The curious part came the next day — about twelve hours after eating that meal I felt extra-hungry, weak and slightly faint when I exerted myself. I laid down in my hammock and the feeling passed. After about an hour I was back to normal. It seemed very odd to me though, since I normally feel fine on ‘fasting’ mornings, and here I was feeling weak when I’d broken the fast.
It wasn’t anything wrong with the food, which was good, if rather plain. My stomach felt empty, not sickly. But why would eating cause me to be more hungry than when I was fasting?
Then I noted the timing. Those feelings came about 12 hours after we ate. Due to the timing of our fasting schedule, I’m normally sound asleep 12 hours after our last meal during an eating period. I probably get these feeling every-other-day! I just never noticed, because I’m asleep. This is why I have emphasized the importance of timing when considering intermittent fasting.
Of course, everyone is different, these are just my experiences. Isabel did not have the same reaction — she felt less hungry that morning than on mornings when we stick to the normal diet. Her monthly cycle seems more influential on how she reacts to the diet — sometimes she needs to sit down and relax for a while on fasting mornings, but as with my experience, the feeling passes within an hour.

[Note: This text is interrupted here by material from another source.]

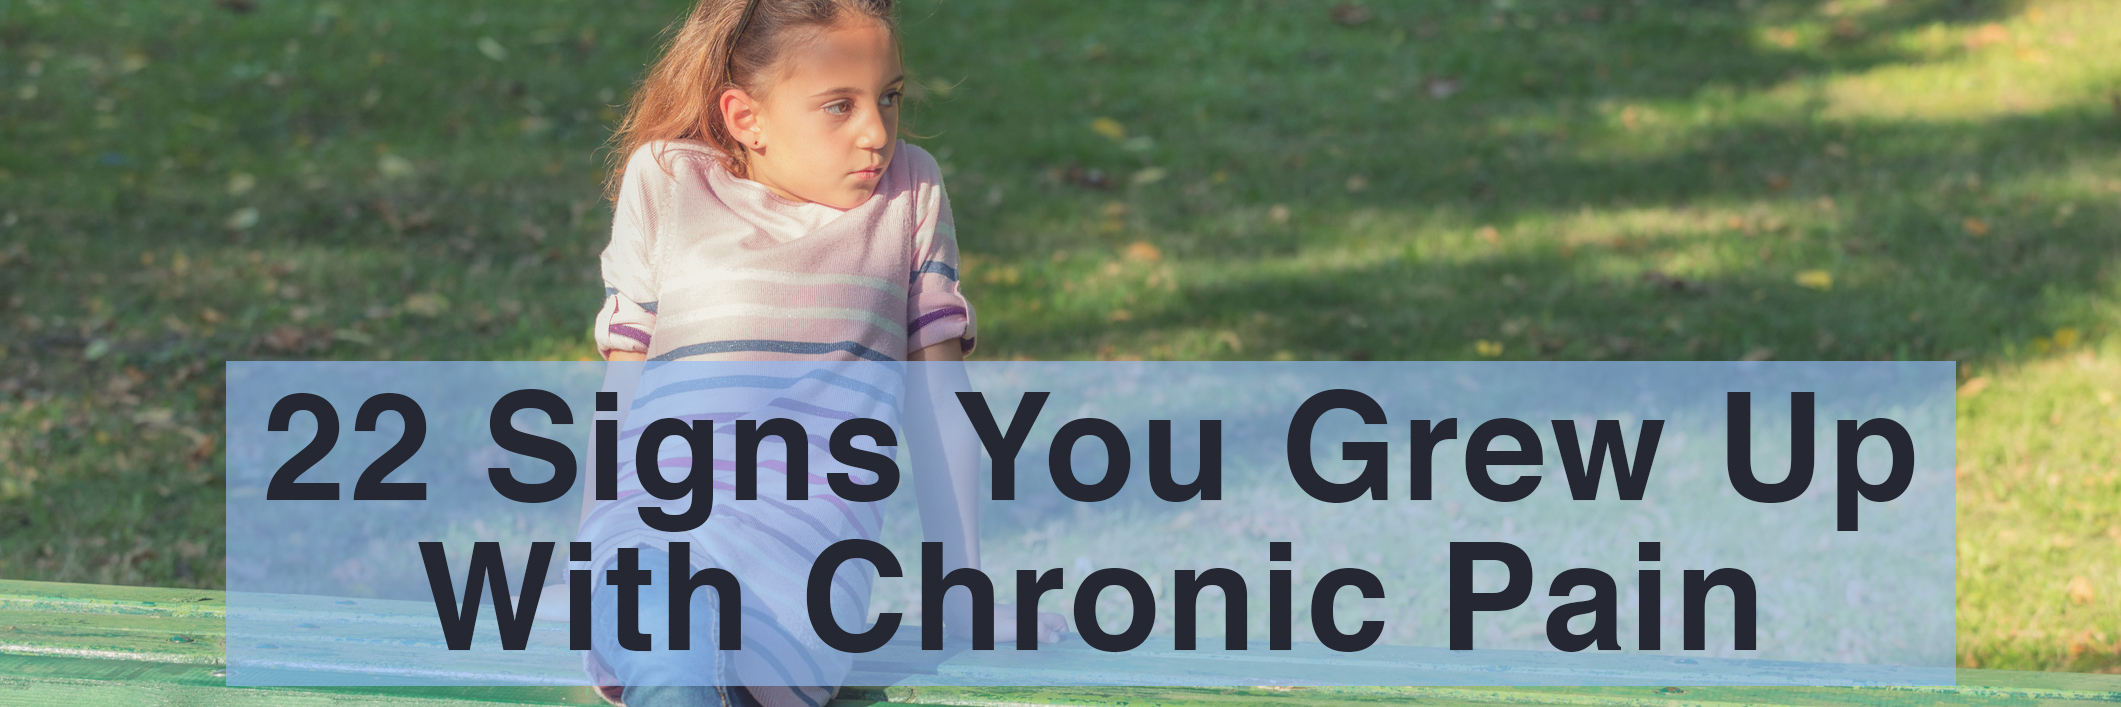 22 signs you grew up with chronic pain

So if you want to try intermittent fasting, be sure to pay close attention to the schedule, and how you feel. The first week or two of this diet seem strange, and are nothing to judge by. Get used to the eating pattern first, then see how minor changes affect you. Adjust the diet to fit your personal metabolism — tweak it to make it fit you. This is a lifestyle, not a short-term fad diet. Make sure you adjust it into something you can happily live with for the rest of your life — anything less is not adequate.